44 . The method of claim 43 in which the 3-prime to 5-prime exonuclease is exonuclease III.
45 . The method of claim 1 in which the coded molecule comprises a chimeric polymer.
46 . The method of claim 45 in which the chimeric polymer comprises nucleobase and non-nucleobase polymers.
47 . The method of claim 1 in which the coded molecule comprises at least two block polymers, and wherein the two block polymers are separated by a non-block polymer segment.
48 . The method of claim 47 in which the non-block polymer segment is a random polymer.
49 . The method of claim 1 in which one or more of the block polymers is a polypurine.
50 . The method of claim 49 in which one or more of the block polymers is a polypyrimidine.
51 . The method of claim 1 in which one or more block polymers is a block copolymer.
52 . The method of claim 51 in which the block copolymer comprises an alternating copolymer.
53 . The method of claim 52 in which the alternating copolymer is alternating purines.

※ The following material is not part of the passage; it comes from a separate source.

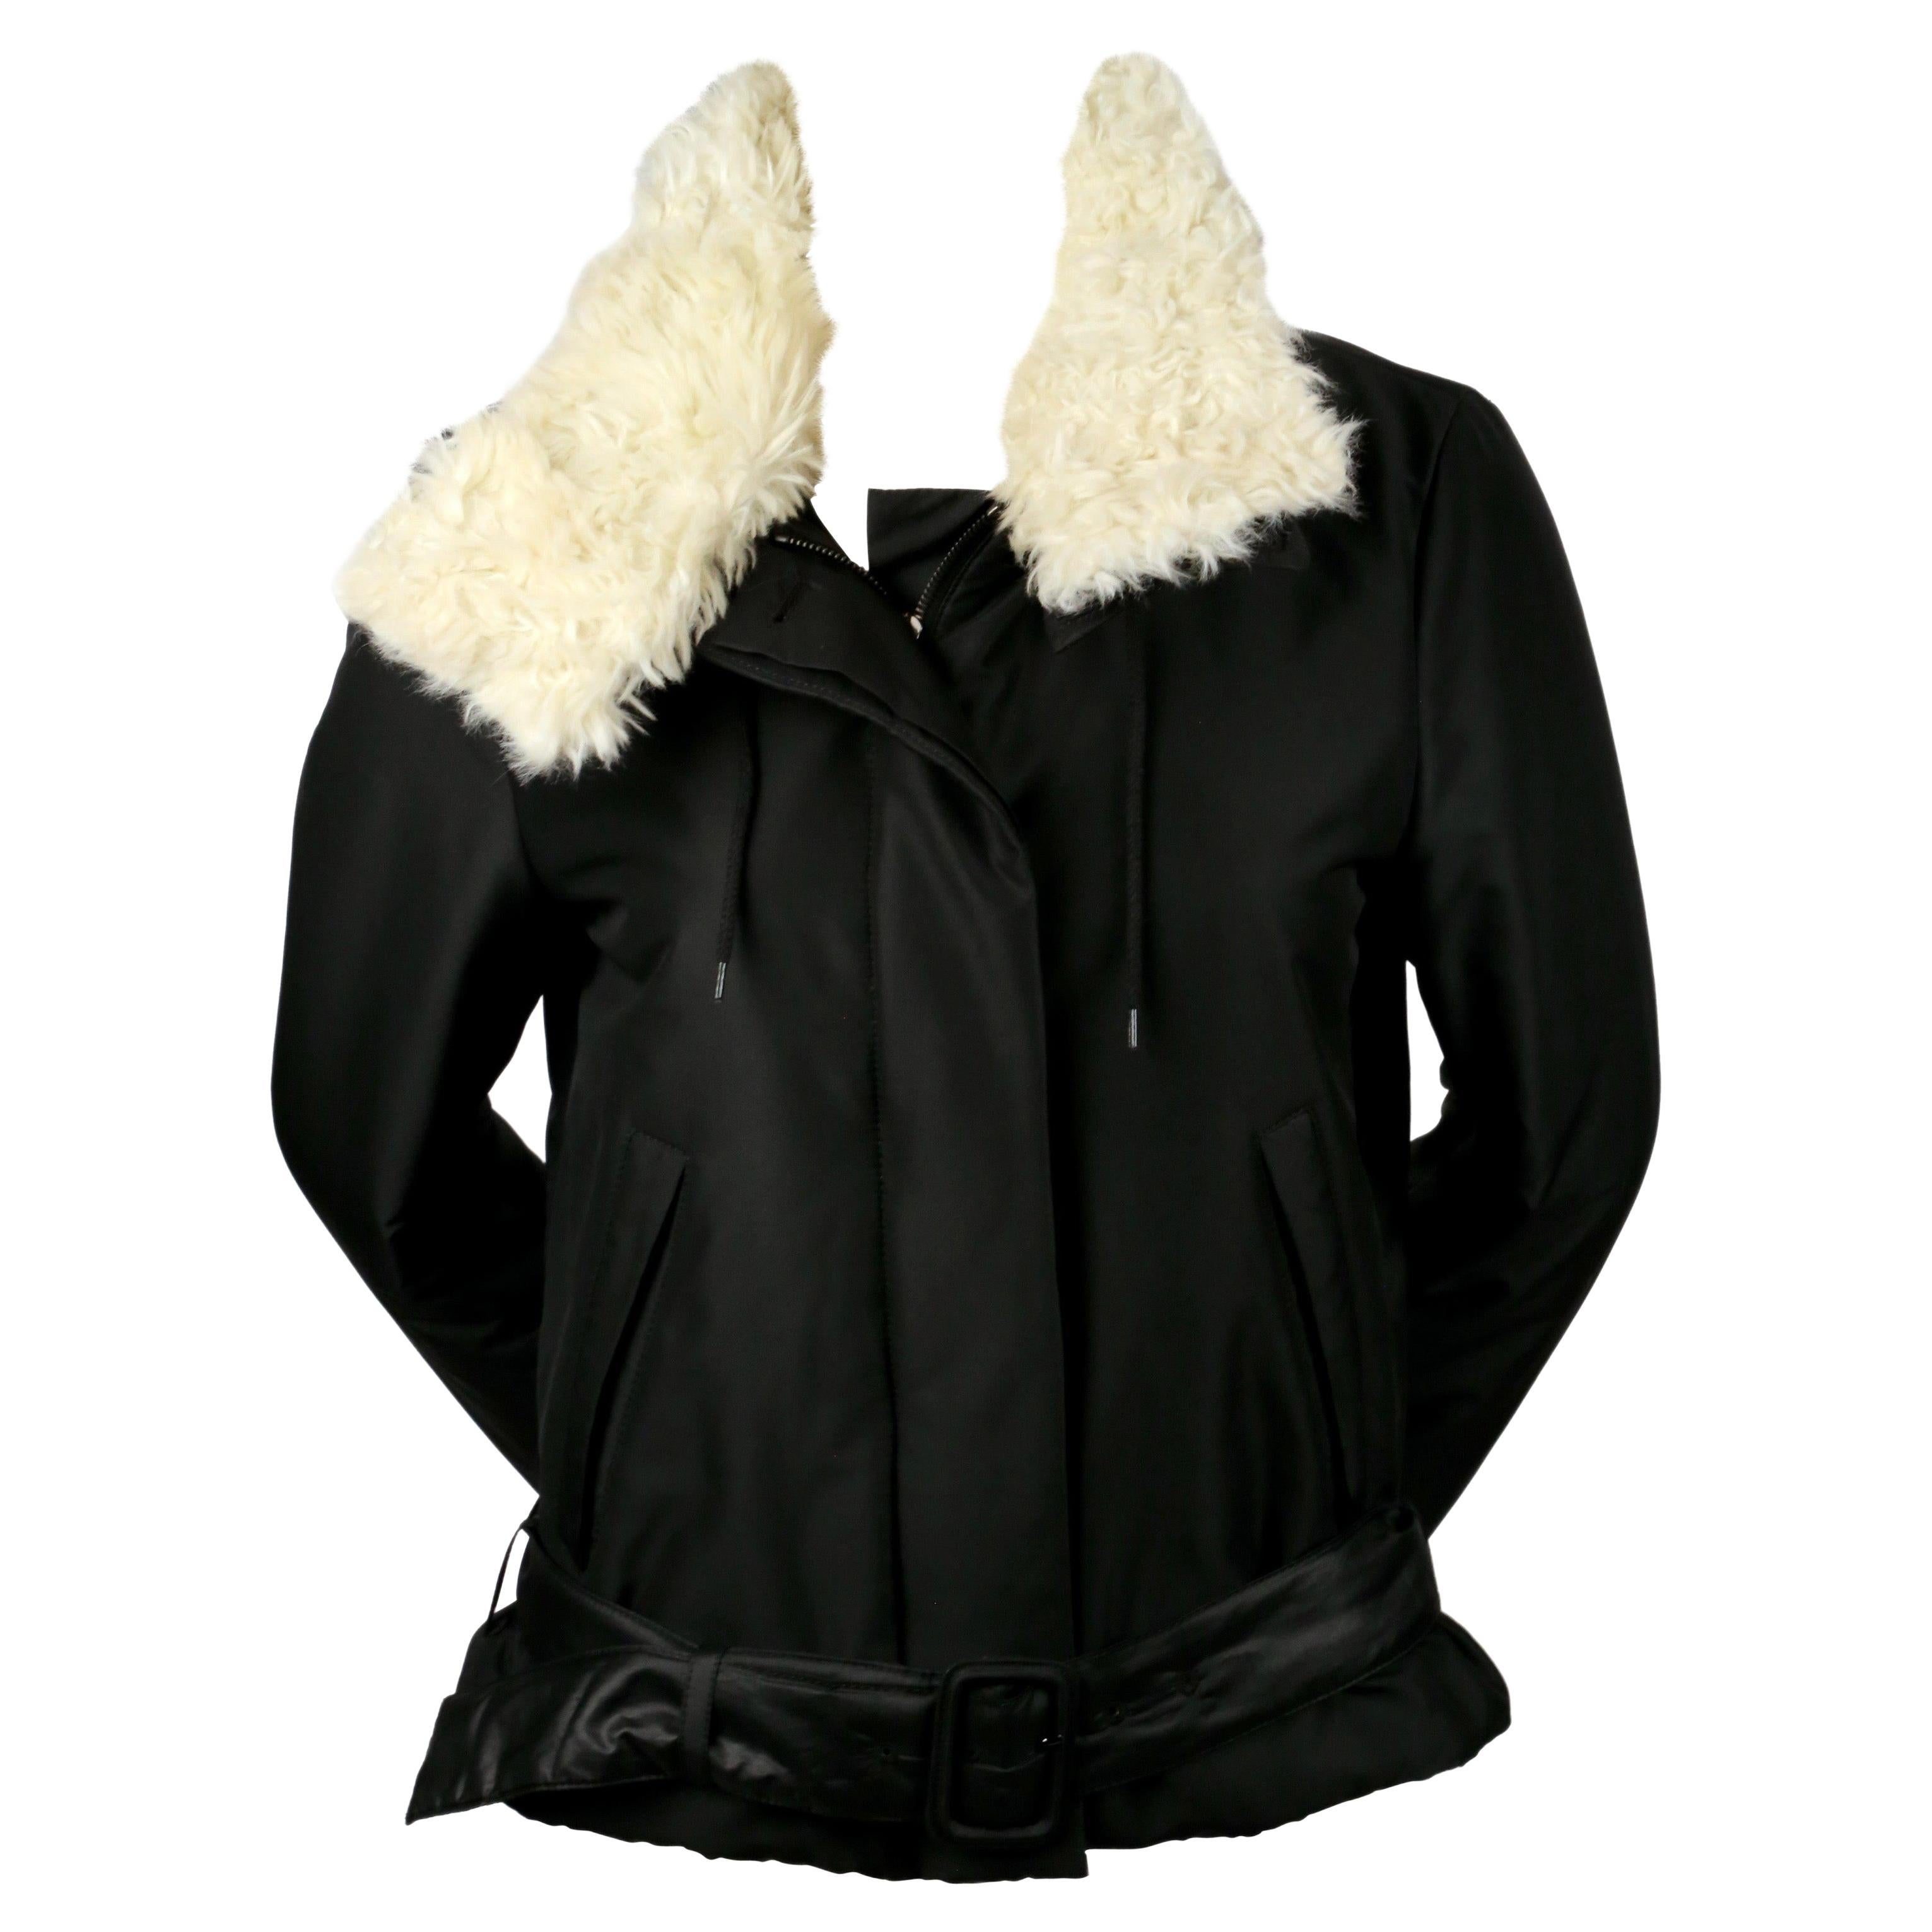 1999 HELMUT LANG black Boa jacket with removable collar

54 . The method of claim 52 in which the alternating copolymer is alternating pyrimidines.
55 . The method of claim 52 in which the alternating copolymer is a polymer of alternating purine and pyrimidine.
56 . The method of claim 1 in which the block polymer comprises dinucleotide repeats.

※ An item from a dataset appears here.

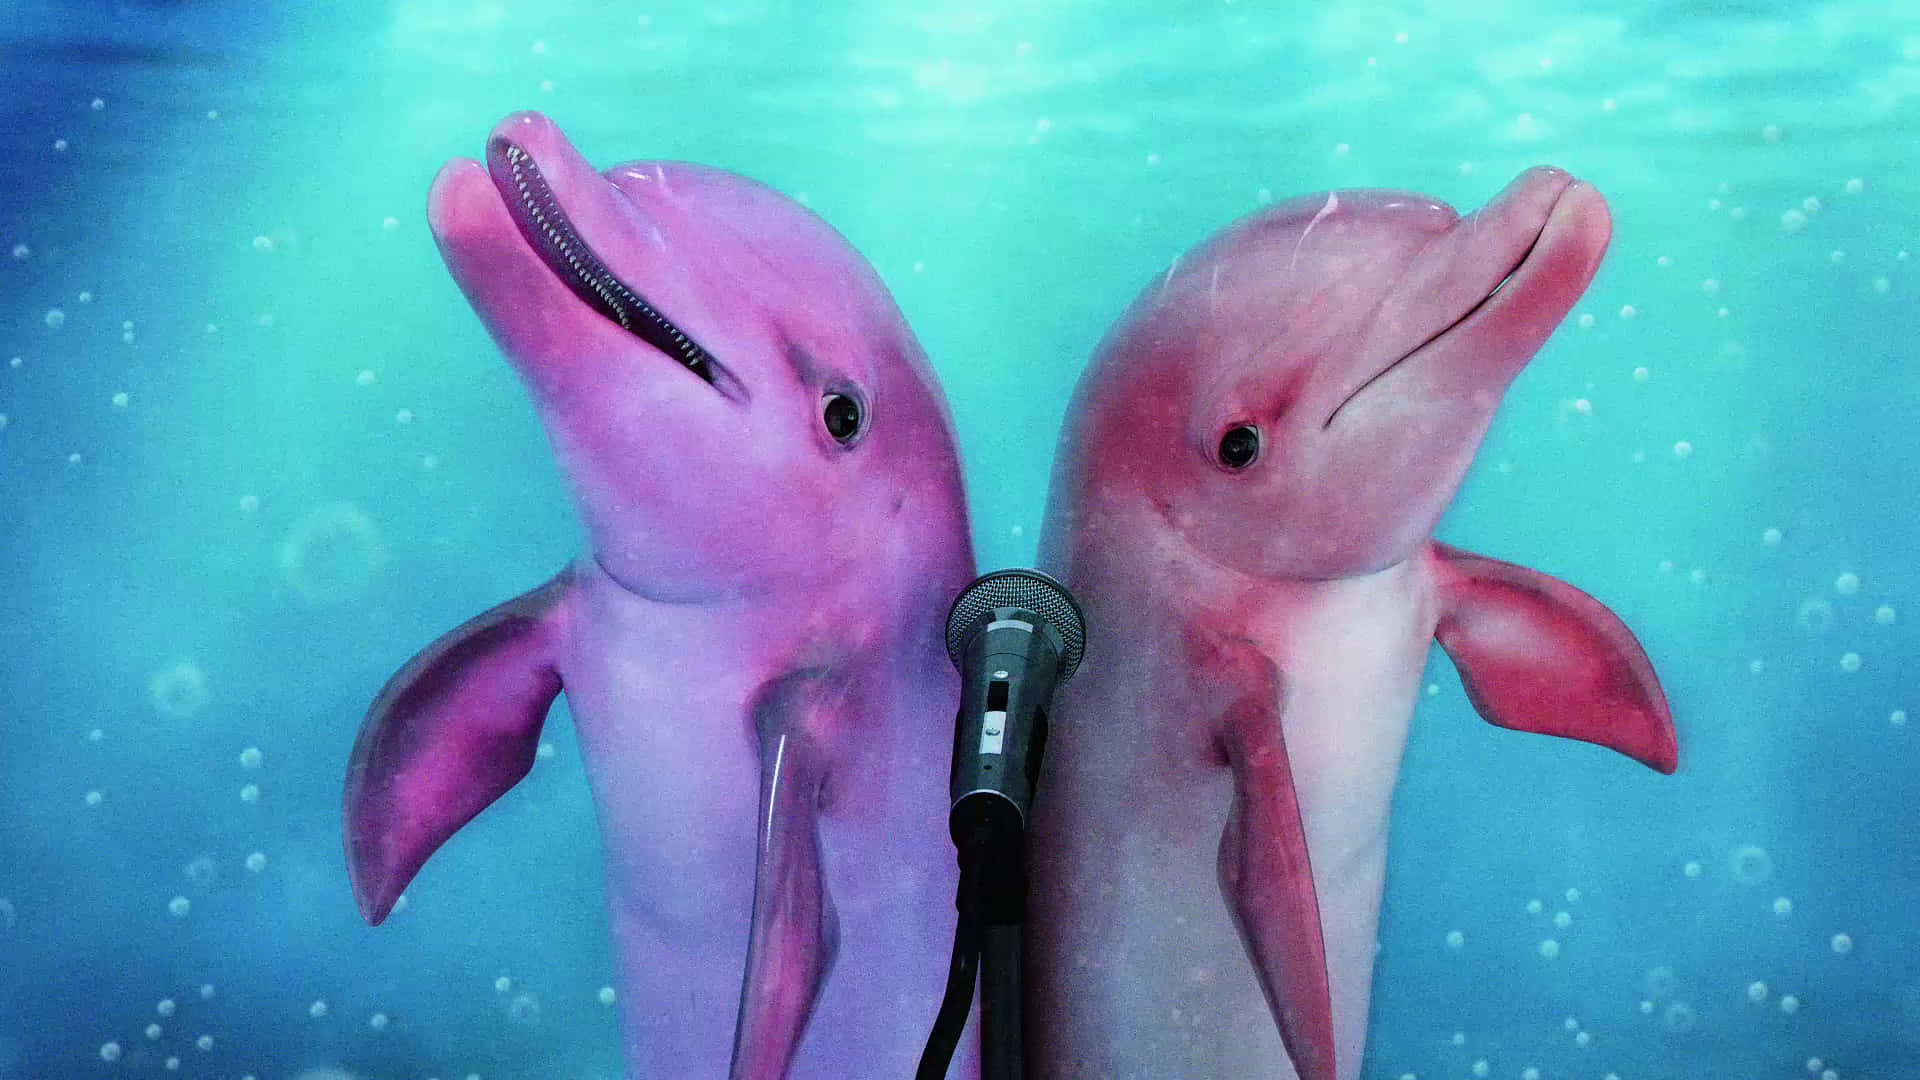 Two Dolphins Are Holding A Microphone In The Water Background

57 . The method of claim 1 in which the block polymer comprises trinucleotide repeats.
58 . The method of claim 1 in which the block polymer comprises tetranucleotide repeats.
59 . The method of claim 1 in which at least one of the block polymers is a peptide nucleic acid.
60 . The method of claim 1 in which at least one of the block polymers is a deoxyribonucleic acid.
61 . The method of claim 1 in which the coded molecule comprises a plurality of block polymers.
62 . The method of claim 61 in which at least two of the plurality of block polymers comprise different nucleobase polymers.
63 . The method of claim 1 in which the detecting is by measuring current blockade.
64 . The method of claim 1 in which the detecting is by measuring electron tunneling current.
65 . The method of claim 1 in which the detecting is by imaging charged induced field effects.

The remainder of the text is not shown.